__Task brief__. Reproduce, exactly and in full, the lines from the one with "Spice spoon hand" through the one with "Power of the" in the data below; drop pictures.

__Task data__.
··········
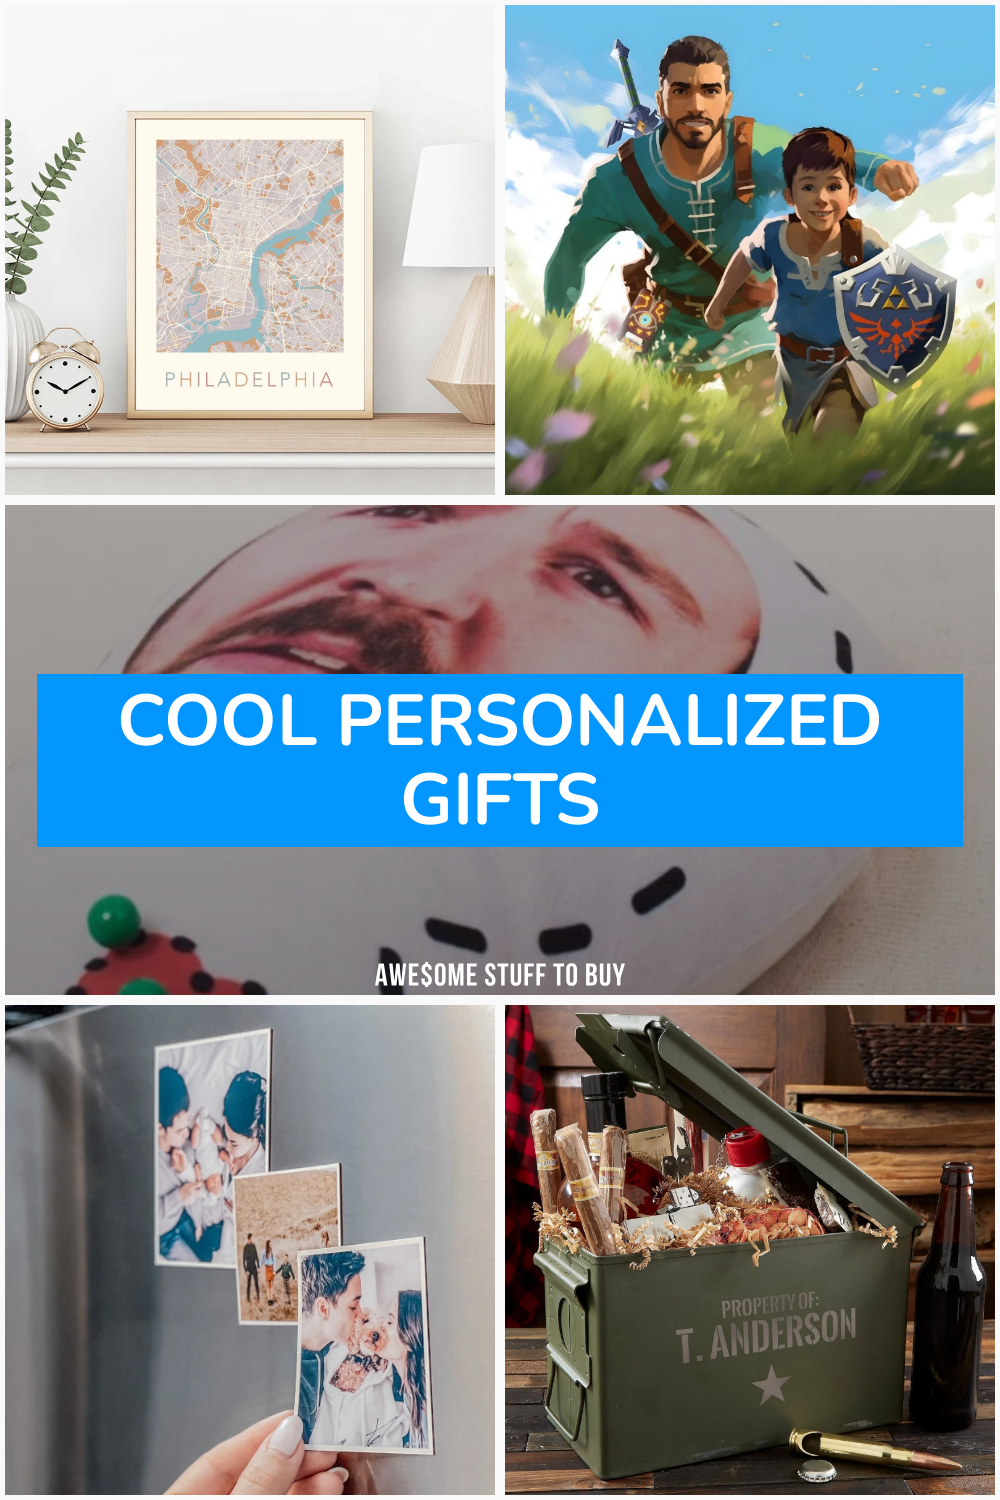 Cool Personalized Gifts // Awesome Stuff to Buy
··········
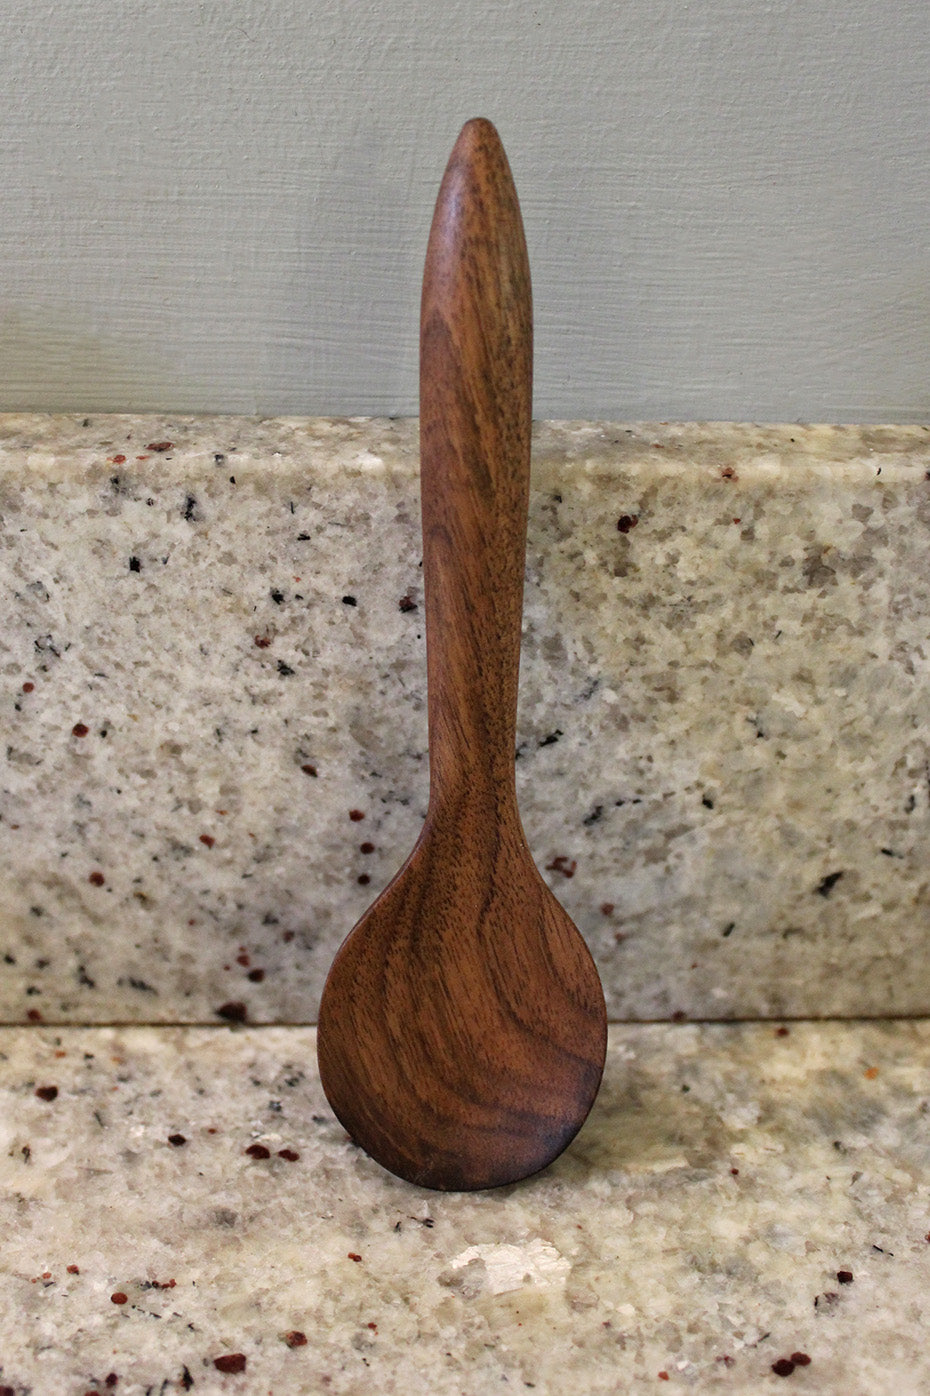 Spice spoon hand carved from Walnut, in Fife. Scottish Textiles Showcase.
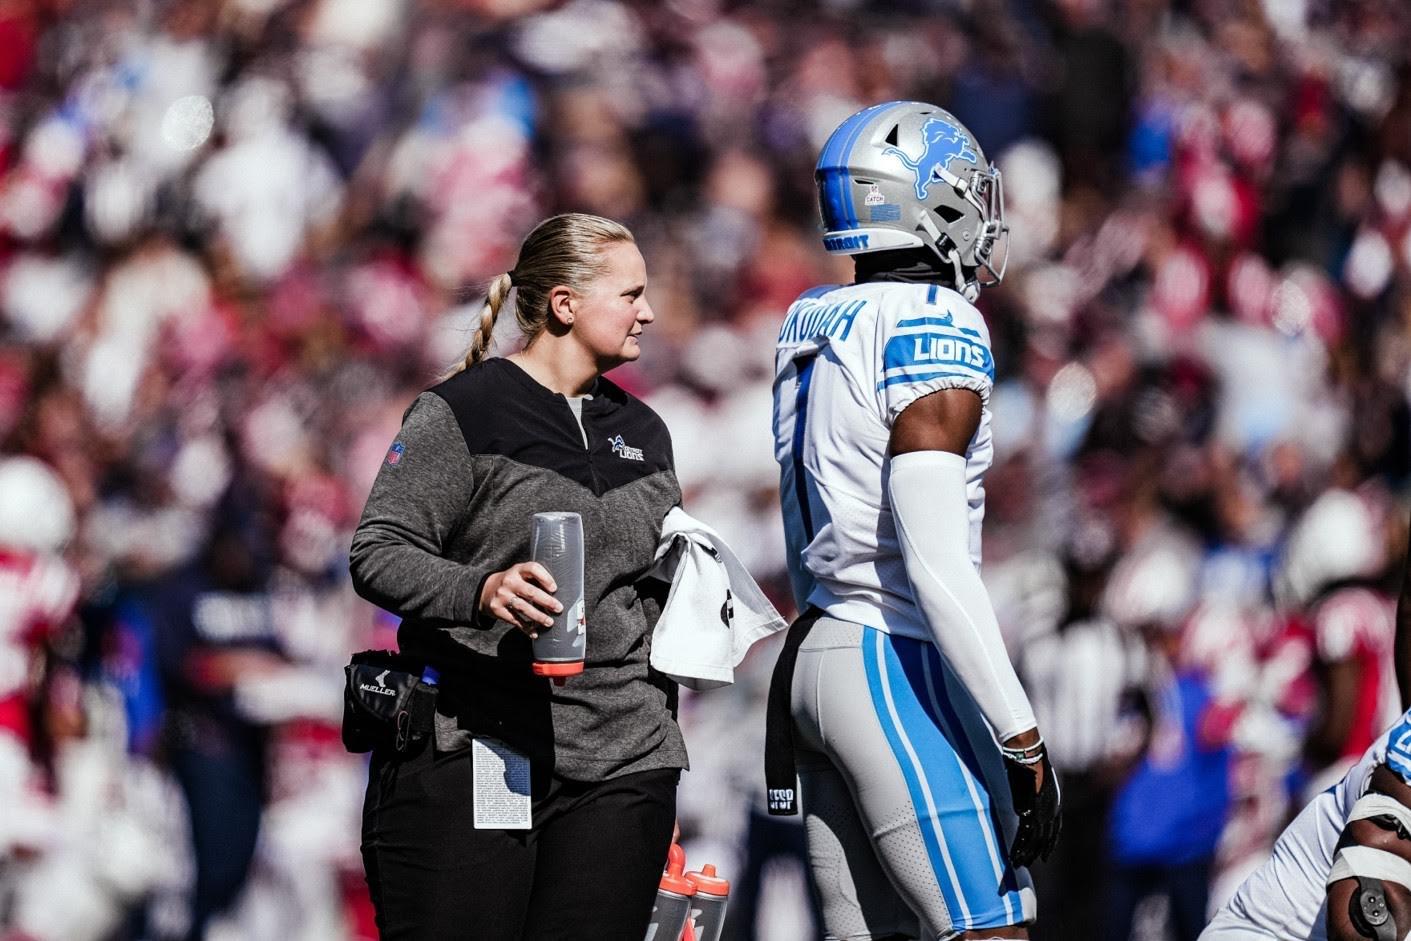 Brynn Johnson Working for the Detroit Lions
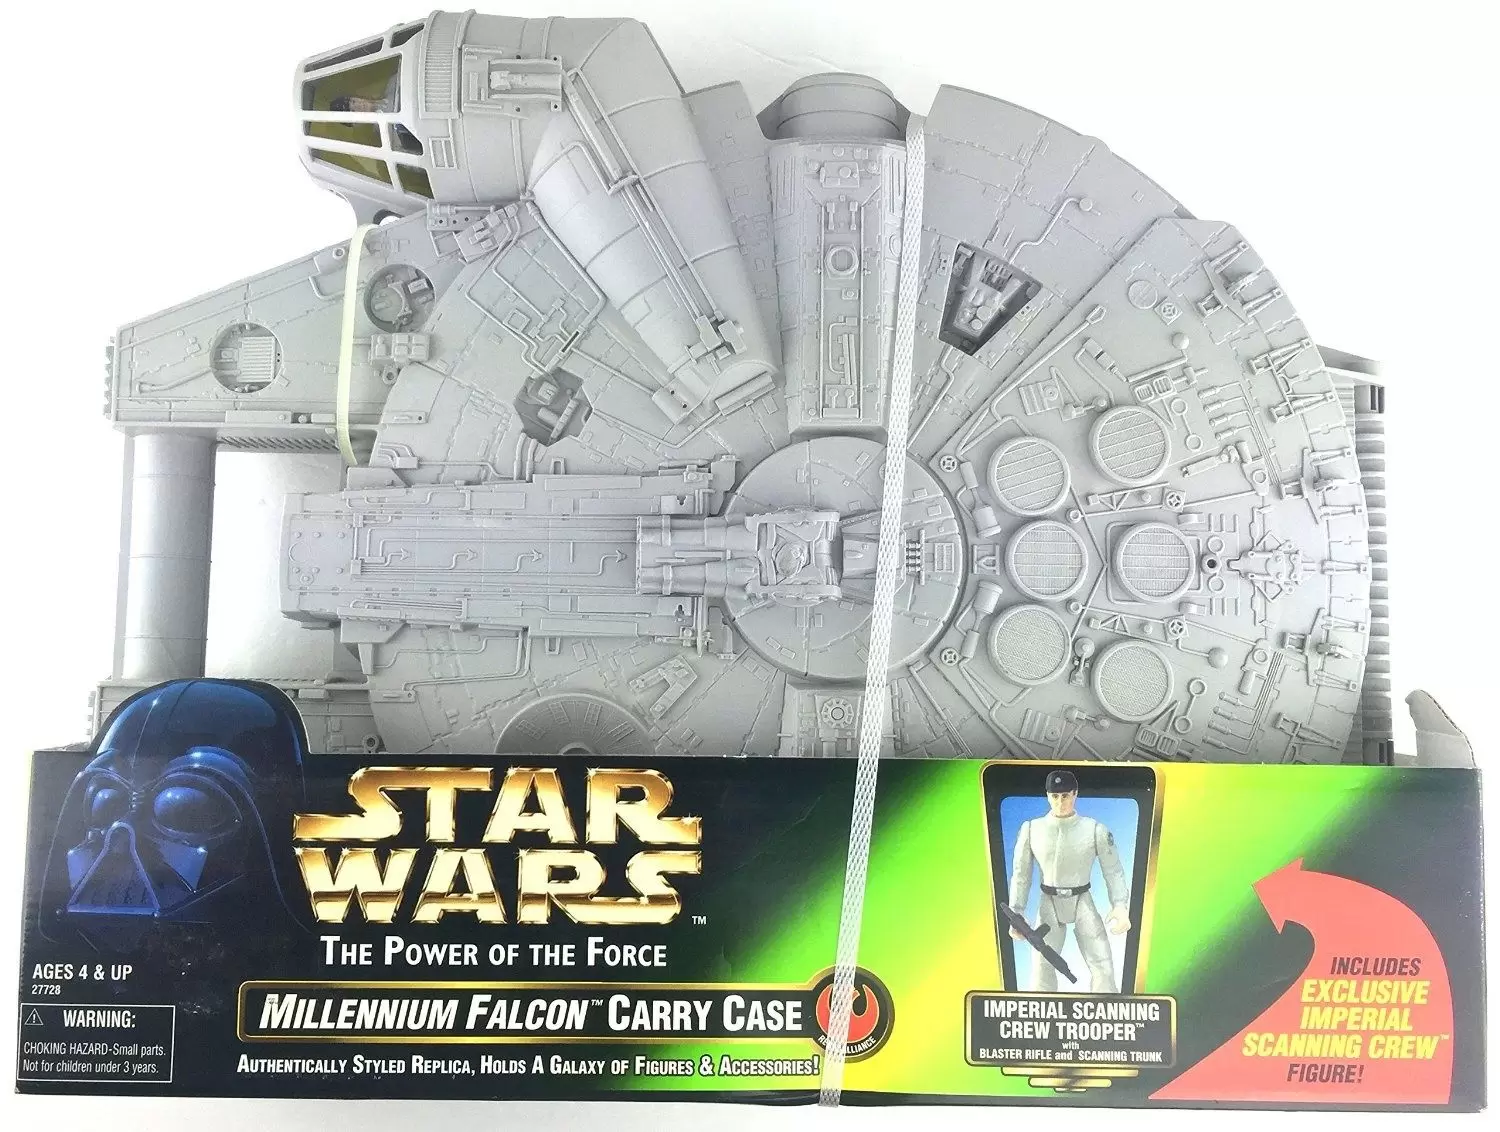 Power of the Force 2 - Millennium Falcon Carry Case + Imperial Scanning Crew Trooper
··········
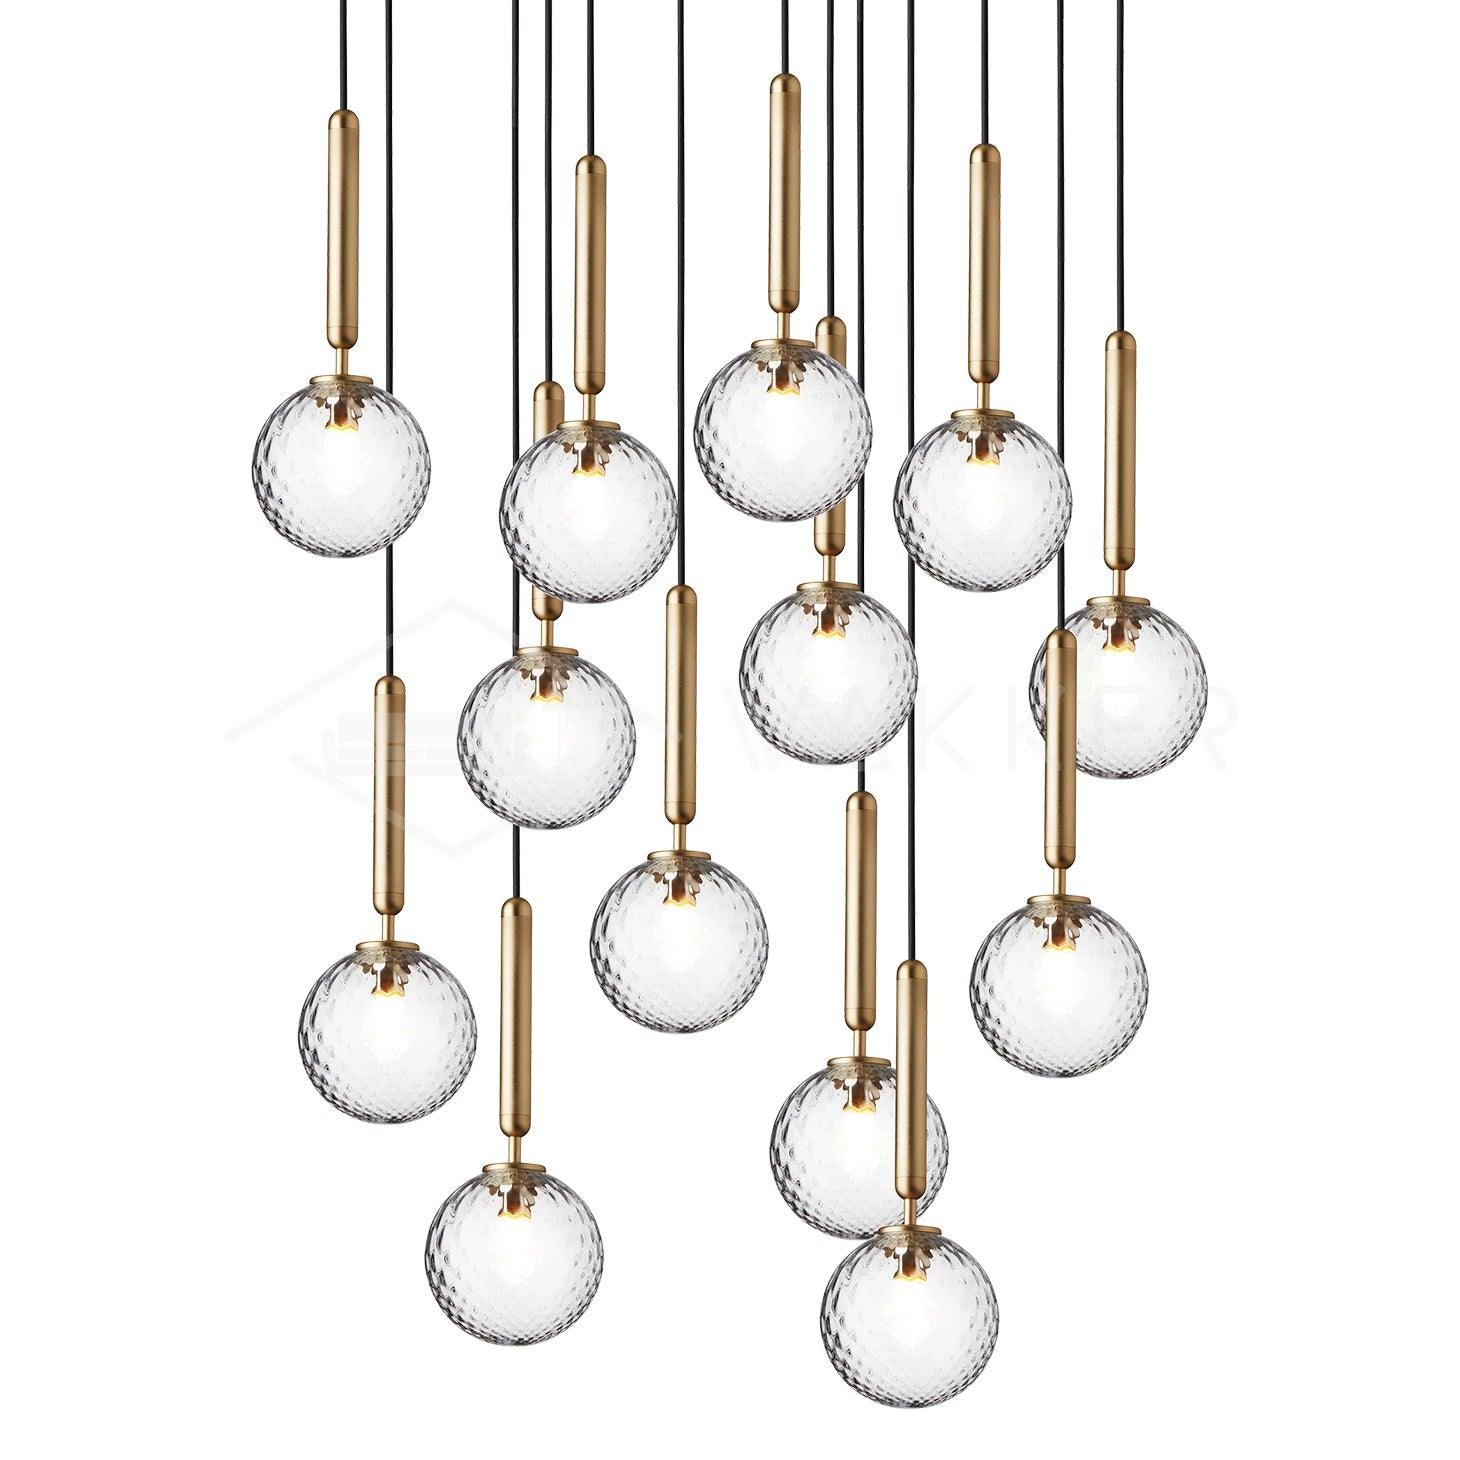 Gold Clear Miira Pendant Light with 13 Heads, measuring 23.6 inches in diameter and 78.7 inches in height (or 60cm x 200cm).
··········
__Response below__.
 Spice spoon hand carved from Walnut, in Fife. Scottish Textiles Showcase.
 Brynn Johnson Working for the Detroit Lions
 Power of the Force 2 - Millennium Falcon Carry Case + Imperial Scanning Crew Trooper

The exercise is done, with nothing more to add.